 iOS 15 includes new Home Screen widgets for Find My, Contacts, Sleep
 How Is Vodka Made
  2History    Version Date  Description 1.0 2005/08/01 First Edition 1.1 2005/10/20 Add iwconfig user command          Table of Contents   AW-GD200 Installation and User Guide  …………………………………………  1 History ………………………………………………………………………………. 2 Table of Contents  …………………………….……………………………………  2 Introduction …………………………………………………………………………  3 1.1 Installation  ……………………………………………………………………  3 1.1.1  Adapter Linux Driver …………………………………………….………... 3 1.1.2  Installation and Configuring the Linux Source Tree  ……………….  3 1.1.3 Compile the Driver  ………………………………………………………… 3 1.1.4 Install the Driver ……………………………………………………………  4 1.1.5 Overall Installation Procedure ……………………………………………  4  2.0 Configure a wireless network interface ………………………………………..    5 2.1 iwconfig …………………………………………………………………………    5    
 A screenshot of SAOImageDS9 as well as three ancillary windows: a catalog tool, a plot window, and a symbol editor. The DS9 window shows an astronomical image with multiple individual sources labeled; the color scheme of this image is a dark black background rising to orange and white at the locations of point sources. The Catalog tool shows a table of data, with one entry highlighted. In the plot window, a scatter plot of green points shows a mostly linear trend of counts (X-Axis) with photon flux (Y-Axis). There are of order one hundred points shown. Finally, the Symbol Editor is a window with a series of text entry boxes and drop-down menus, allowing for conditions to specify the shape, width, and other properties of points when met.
☆ ☆ ☆
▸ **Work to be completed**
Return what is listed above, exactly and completely.

▸ **The completed task**
 iOS 15 includes new Home Screen widgets for Find My, Contacts, Sleep
 How Is Vodka Made
  2History    Version Date  Description 1.0 2005/08/01 First Edition 1.1 2005/10/20 Add iwconfig user command          Table of Contents   AW-GD200 Installation and User Guide  …………………………………………  1 History ………………………………………………………………………………. 2 Table of Contents  …………………………….……………………………………  2 Introduction …………………………………………………………………………  3 1.1 Installation  ……………………………………………………………………  3 1.1.1  Adapter Linux Driver …………………………………………….………... 3 1.1.2  Installation and Configuring the Linux Source Tree  ……………….  3 1.1.3 Compile the Driver  ………………………………………………………… 3 1.1.4 Install the Driver ……………………………………………………………  4 1.1.5 Overall Installation Procedure ……………………………………………  4  2.0 Configure a wireless network interface ………………………………………..    5 2.1 iwconfig …………………………………………………………………………    5    
 A screenshot of SAOImageDS9 as well as three ancillary windows: a catalog tool, a plot window, and a symbol editor. The DS9 window shows an astronomical image with multiple individual sources labeled; the color scheme of this image is a dark black background rising to orange and white at the locations of point sources. The Catalog tool shows a table of data, with one entry highlighted. In the plot window, a scatter plot of green points shows a mostly linear trend of counts (X-Axis) with photon flux (Y-Axis). There are of order one hundred points shown. Finally, the Symbol Editor is a window with a series of text entry boxes and drop-down menus, allowing for conditions to specify the shape, width, and other properties of points when met.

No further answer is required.